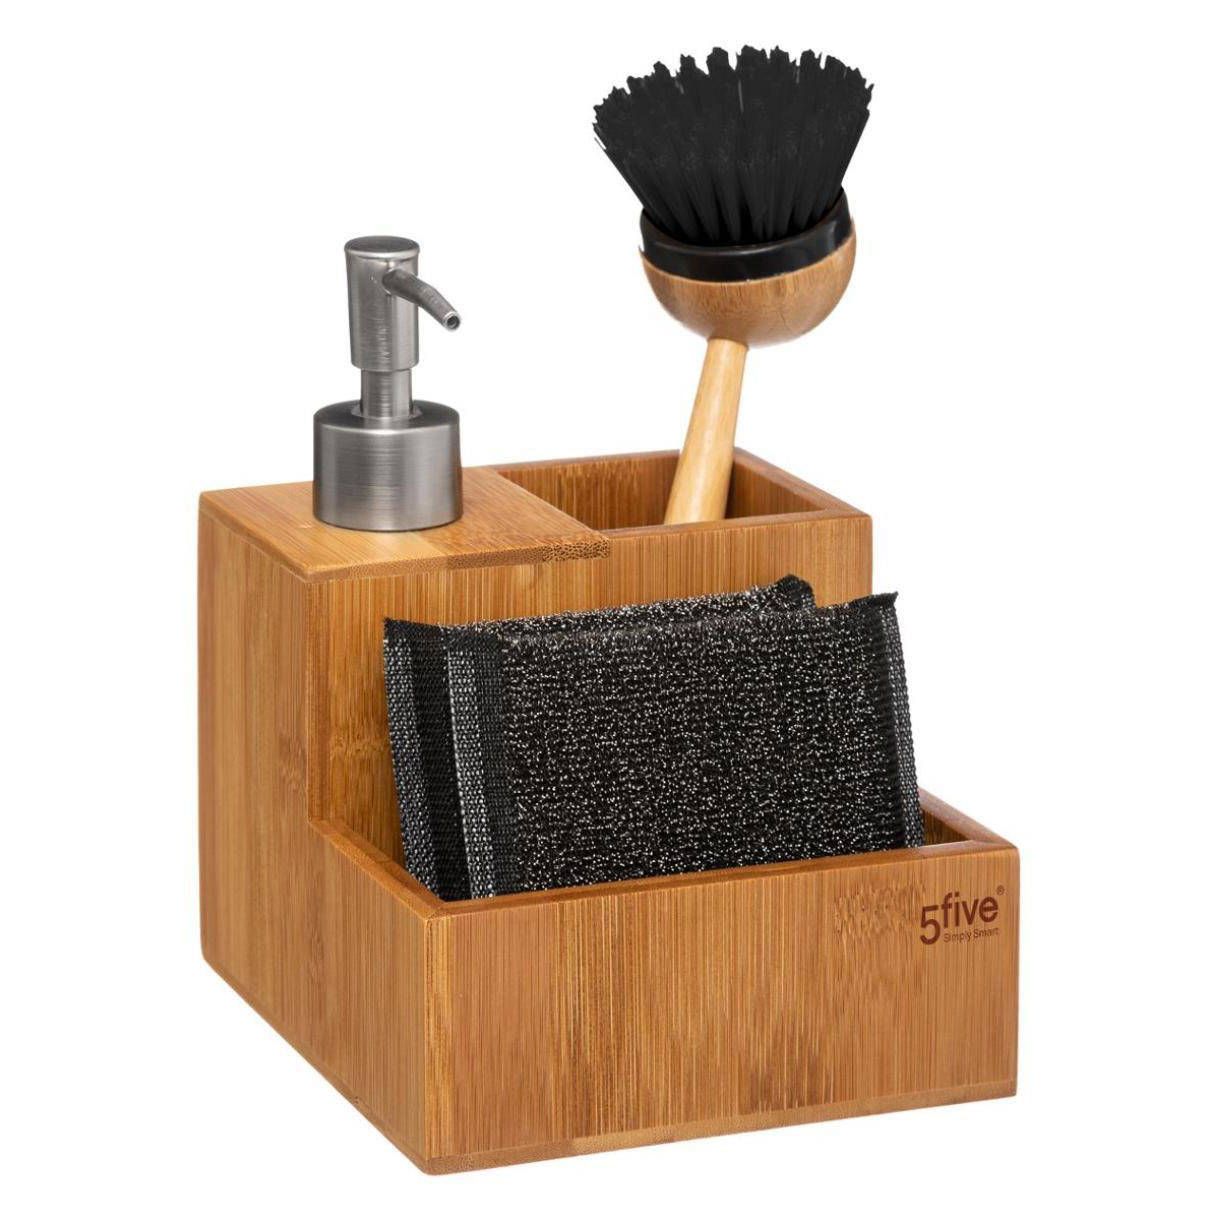 5five Simply Smart Sada příslušenství pro mytí nádobí, bambus - EMAKO.CZ s.r.o.
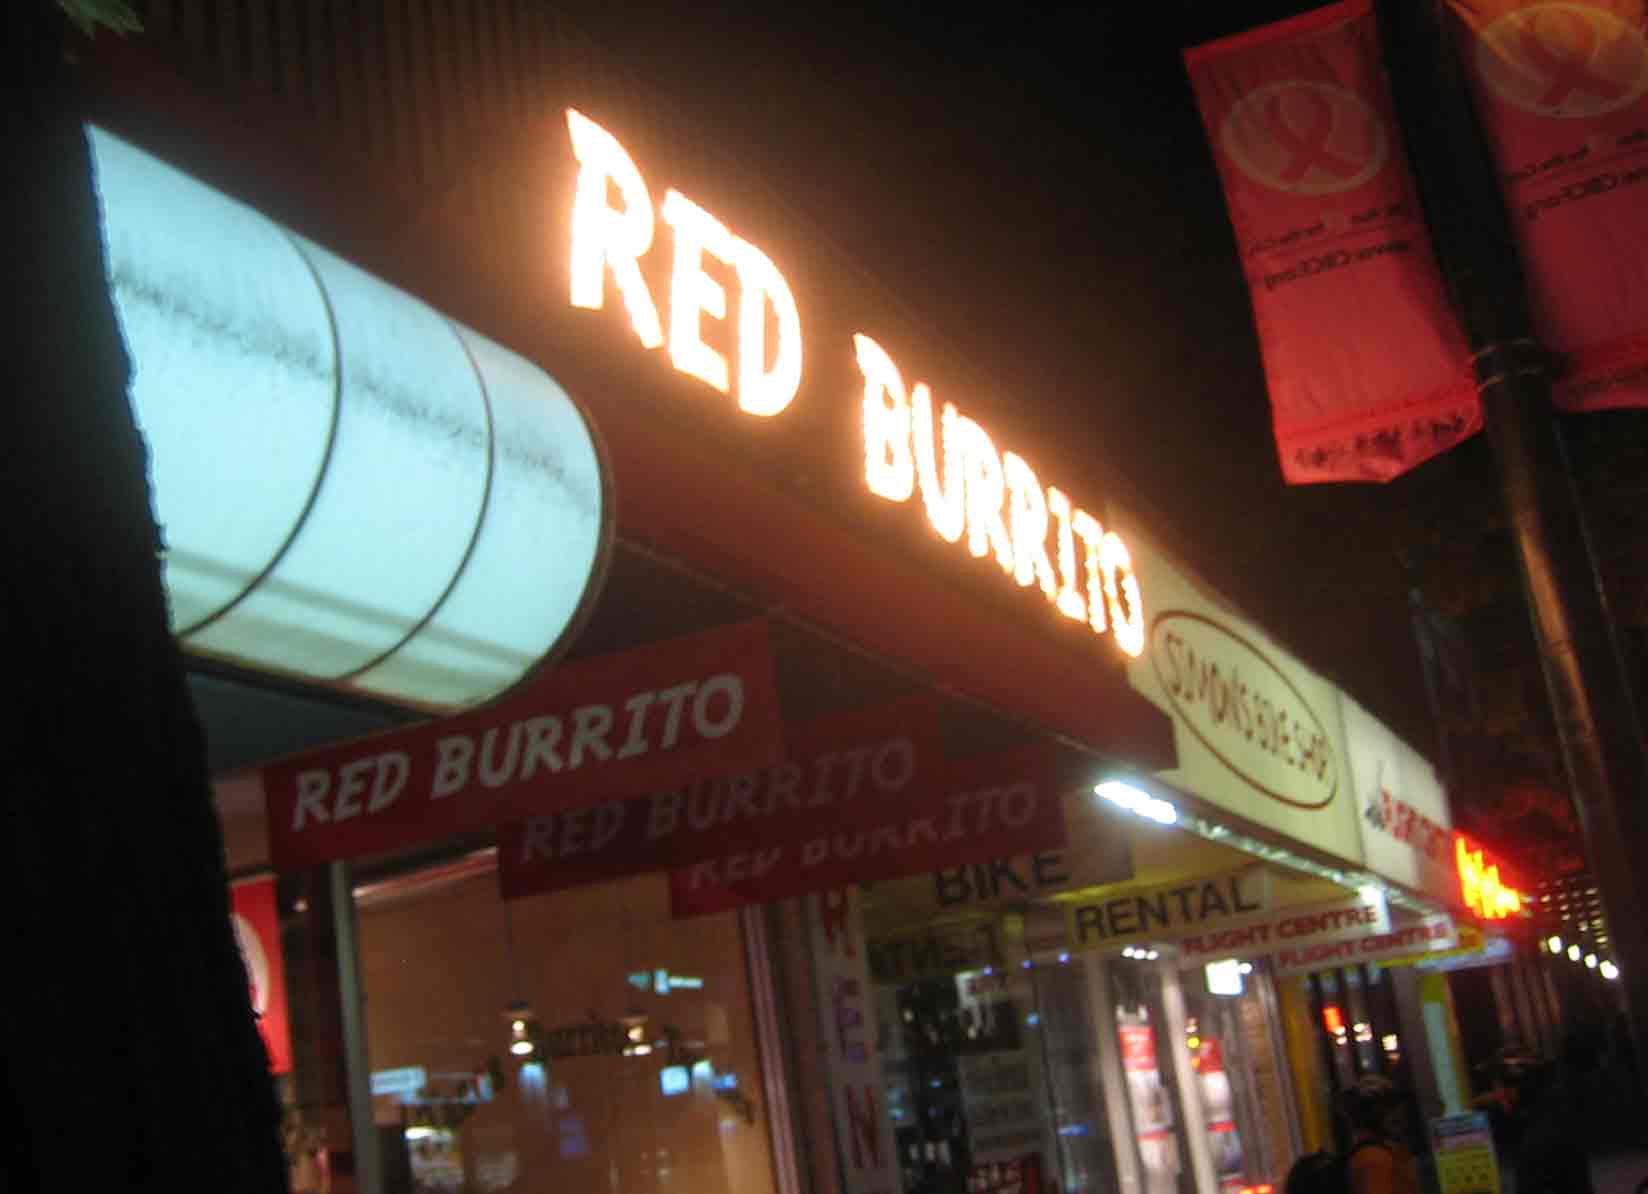  Red Burrito Ext
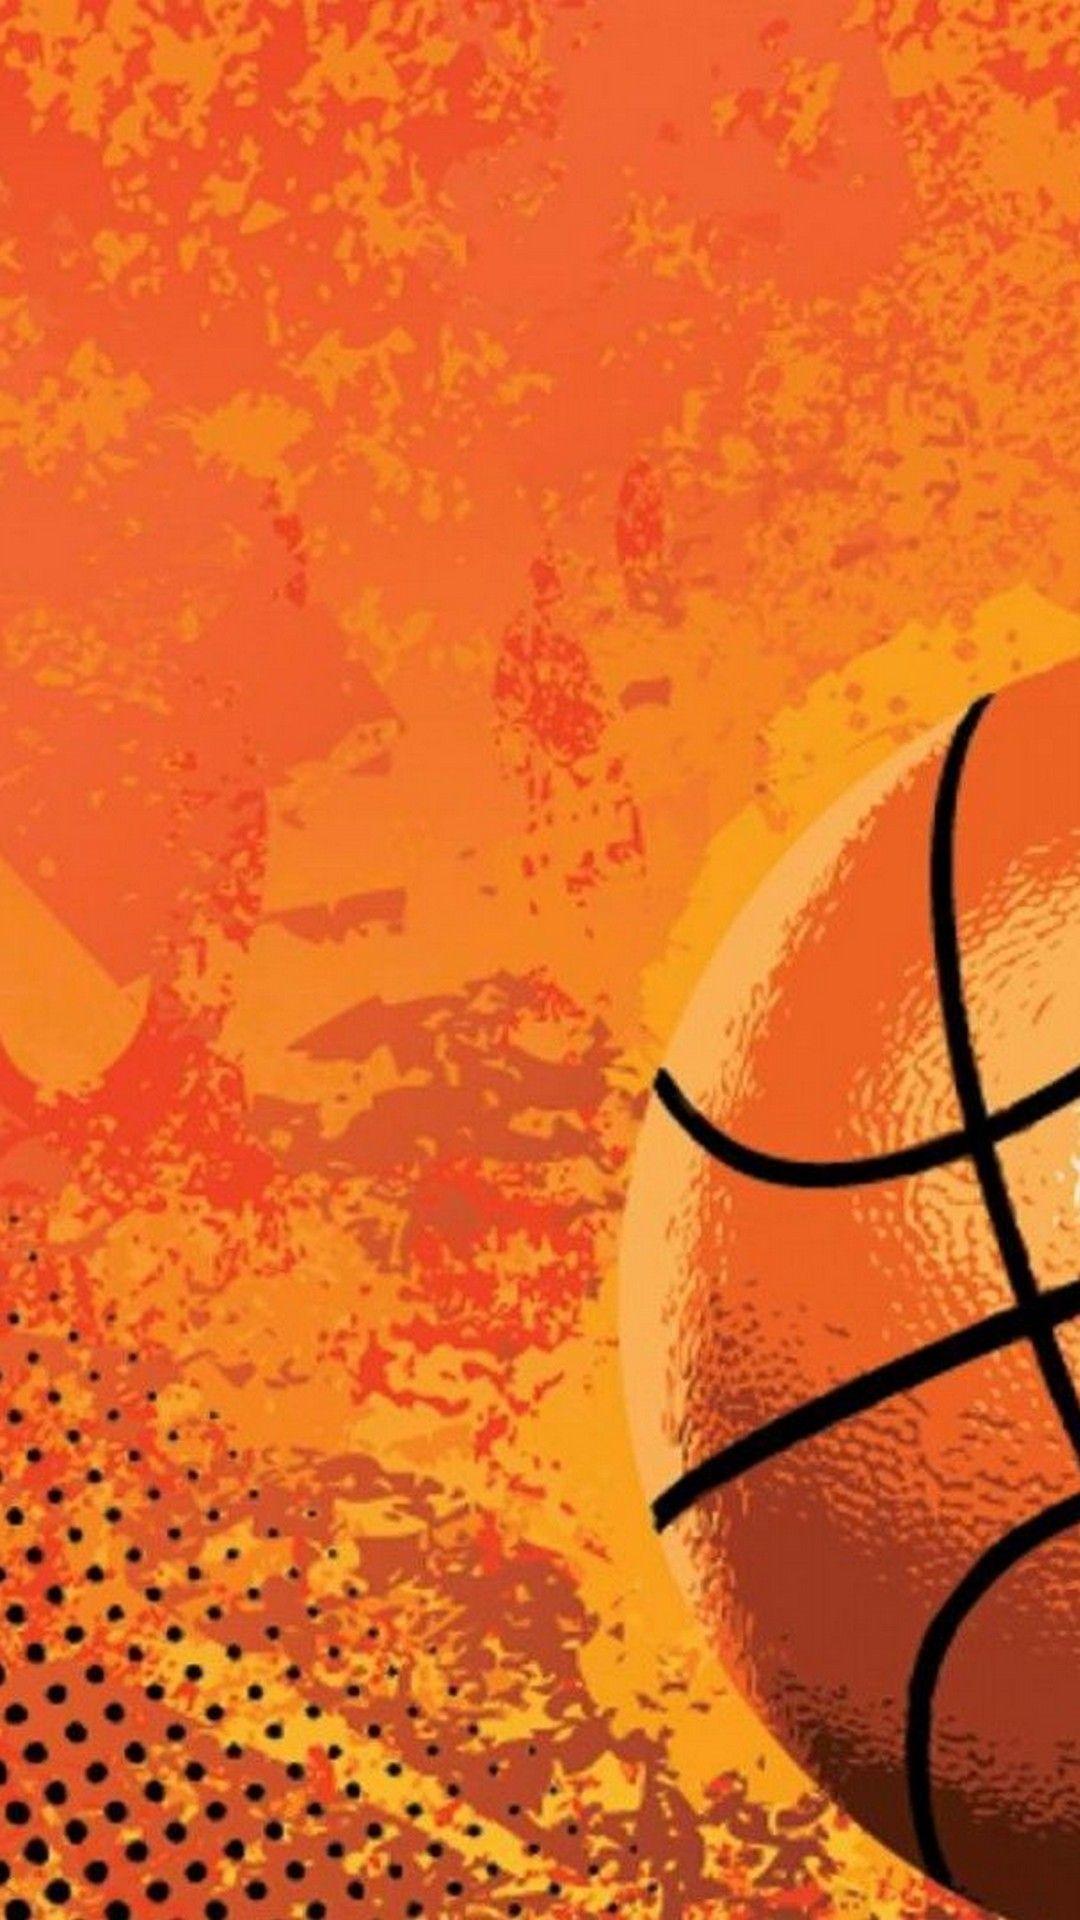 1080 x 1920 · jpeg - Basketball Games HD Wallpaper For iPhone | 2021 Basketball Wallpaper ...

····················

Go through the lines above and write each one out verbatim, skipping the pictures.

_TASK OUTPUT_:
 5five Simply Smart Sada příslušenství pro mytí nádobí, bambus - EMAKO.CZ s.r.o.
  Red Burrito Ext
 1080 x 1920 · jpeg - Basketball Games HD Wallpaper For iPhone | 2021 Basketball Wallpaper ...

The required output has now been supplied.